Tuesday, July 5, 2016

Dunn is not Done

This article is in honor of James M. Dunn, who passed away a year ago, on July 4, 2015. Perhaps he is not widely known except by those who are, or have been, Baptists. But Dunn’s emphasis on Christianity citizenship is one that is badly needed by Christians of most denominations.
Mostly, though, his strong insistence on religious liberty and on the separation of church and state is very important for all citizens of this country, whether Christian or not.
Dunn was born in Texas in 1932; he lived, went to school, and worked in Texas until 1981 when he became Executive Director of the Baptist Joint Committee for Religious Liberty (BJC), where he served until 1999. (Until 2005 the name was BJC for Public Affairs.) 
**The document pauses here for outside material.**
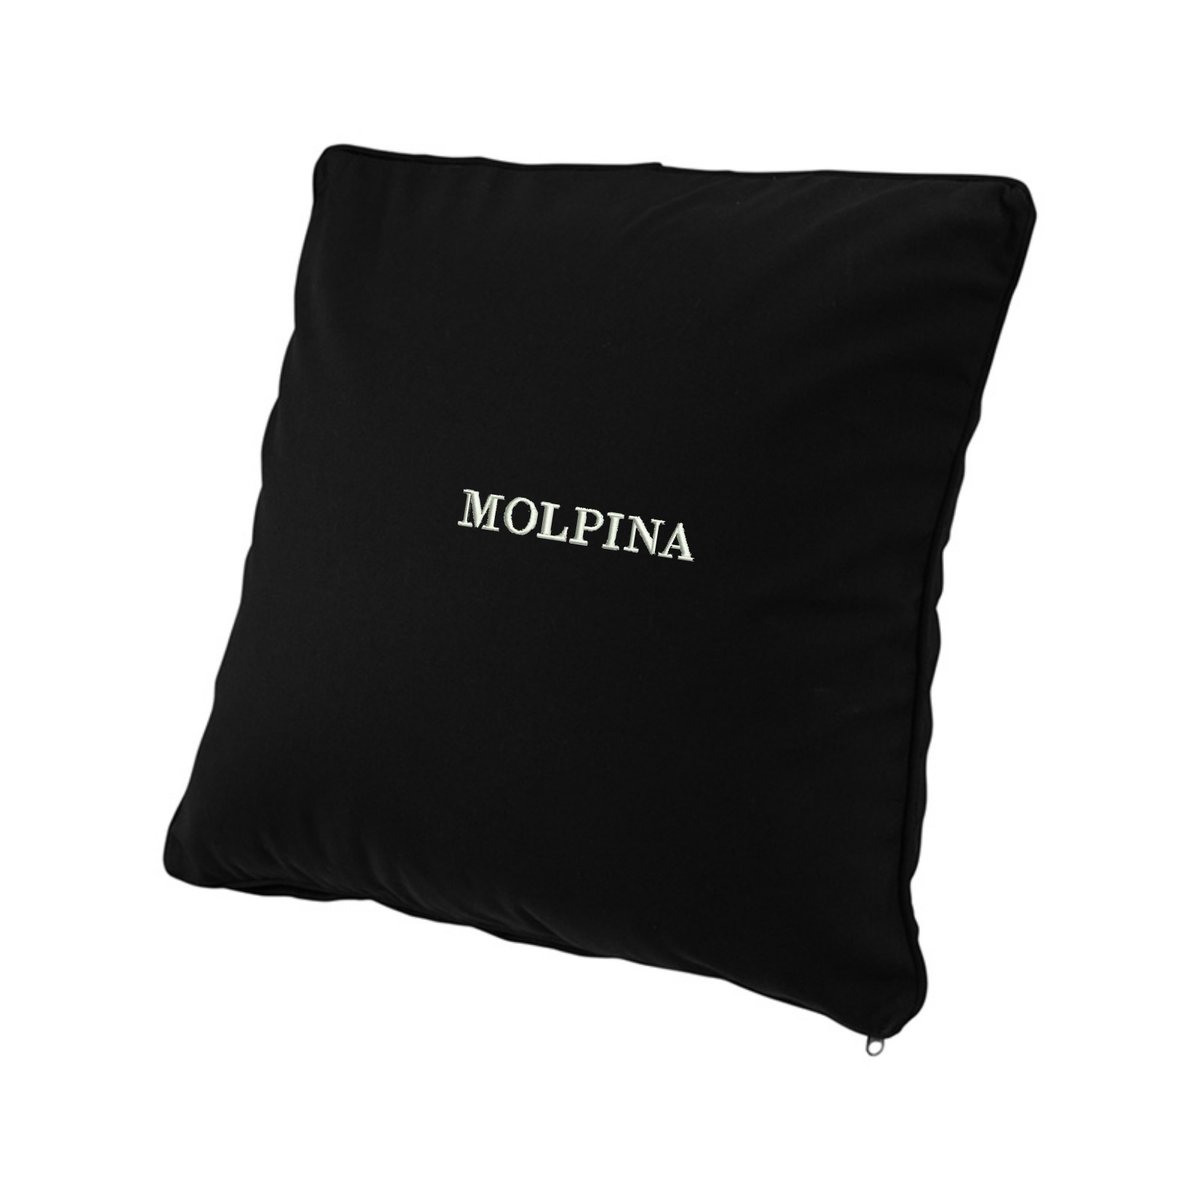 #black #embroidery #cushioncover
molpina.stores.jp

Perhaps my first knowledge of Dunn came in the late 1970s. While he was still the Executive Director of the Texas Baptist Christian Life Commission, he and two associates wrote Endangered Species (1976), an excellent book about the problem of world hunger.
I was moved by the “fable” told at the beginning of the ninth chapter of that book, and I found it quite powerful when I read it again this month. (For those of you concerned about the hunger issue, I highly recommend reading that short fable.)
Dunn was also the editor of, and the author of two chapters in, Politics: A Guidebook for Christians (1970). He concludes “How to Get the Church into Politics” by saying, “The local church is suited to work in politics” (p. 59). Then, he ends the next chapter with these words: “The church must move into political issues” (p. 69).
Little did Dunn know then that the Moral Majority was going to be formed before the end of that decade, that the Christian Right was going to be moving mightily into the political arena, and that Ronald Reagan was going to be elected President at least in part because of the new political impetus of conservative Christians.
In response to those changes by conservative Christians and in the political arena, Dunn began to place more stress on religious liberty and the separation of church and state.
In 2000 he and Grady C. Cothen alternated writing the 14 chapters of Soul Freedom. One of Dunn’s chapters is titled “Don’t Vouch for Vouchers.” His strong opposition to school vouchers whereby children could attend private schools with public funds was one of several reasons conservative Southern Baptists opposed him.
(Last month at the Faith & Freedom Coalition meeting I attended in D.C. there were several appeals for legislation that would allow children to go to schools of their family’s choice—presumably using tax money for private schools.)
Last year the paperback edition of James M. Dunn and Soul Freedom, Aaron Douglas Weaver’s biography of Dunn, was published. The blurb on Amazon.com calls Dunn “the most aggressive Baptist proponent for religious liberty in the United States.”
It goes on to say, “Soul freedom—voluntary uncoerced faith and an unfettered individual conscience before God—is the basis of his understanding of church-state separation and the historic Baptist basis of religious liberty.”
After leaving the BJC, Dunn became Professor of Christianity and Public Policy at the School of Divinity at Wake Forest University. His legacy lives on there partly because of the establishment of the James and Marilyn Dunn Chair of Baptist Studies at WFU in 2011.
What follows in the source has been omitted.